在Spark Shell上,通过创建HiveContext可以直接进行Hive操作


1. 操作Hive中已存在的表


[hadoop@hadoop bin]$ ./spark-shell
Spark assembly has been built with Hive, including Datanucleus jars on classpath
Welcome to
      ____              __
     / __/__  ___ _____/ /__
    _\ \/ _ \/ _ `/ __/  '_/
   /___/ .__/\_,_/_/ /_/\_\   version 1.2.0

Using Scala version 2.10.4 (Java HotSpot(TM) 64-Bit Server VM, Java 1.7.0_67)
Type in expressions to have them evaluated.
Type :help for more information.
Spark context available as sc.

scala> val sqlContext = new org.apache.spark.sql.hive.HiveContext(sc)
sqlContext: org.apache.spark.sql.hive.HiveContext = org.apache.spark.sql.hive.HiveContext@42503a9b

scala> sqlContext.sql("use default");
res1: org.apache.spark.sql.SchemaRDD = 
SchemaRDD[0] at RDD at SchemaRDD.scala:108
== Query Plan ==
<Native command: executed by Hive>

scala> sqlContext.sql("show tables");
res2: org.apache.spark.sql.SchemaRDD = 
SchemaRDD[2] at RDD at SchemaRDD.scala:108
== Query Plan ==
<Native command: executed by Hive>

scala> sqlContext.sql("show tables").collect;
res3: Array[org.apache.spark.sql.Row] = Array([abc], [avro_table], [employees], [invites], [my_word], [mytable1], [parquet_table], [table1], [word], [word3], [word4], [word5], [word6])
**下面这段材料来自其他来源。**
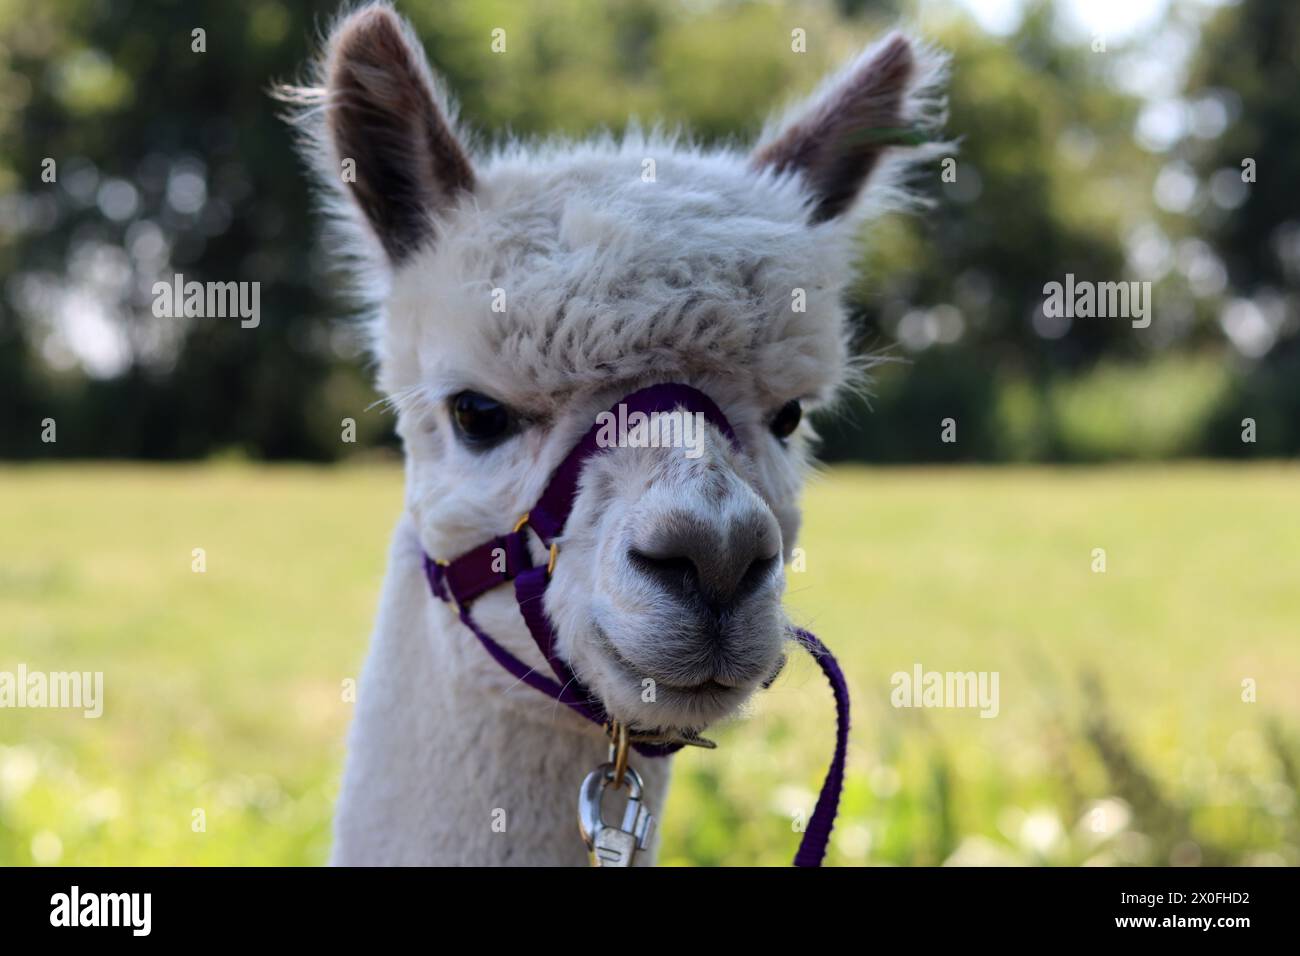 Cute Alpaca close up portrait. Domesticated animal on a farm. Dutch countryside living. Summer day photo. Stock Photo

scala> sqlContext.sql("use default").collect;
res4: Array[org.apache.spark.sql.Row] = Array()

scala> sqlContext.sql("select * from word6")
res5: org.apache.spark.sql.SchemaRDD = 
SchemaRDD[8] at RDD at SchemaRDD.scala:108
== Query Plan ==
== Physical Plan ==
HiveTableScan [id#20,word#21], (MetastoreRelation default, word6, None), None

scala> sqlContext.sql("select * from word6").collect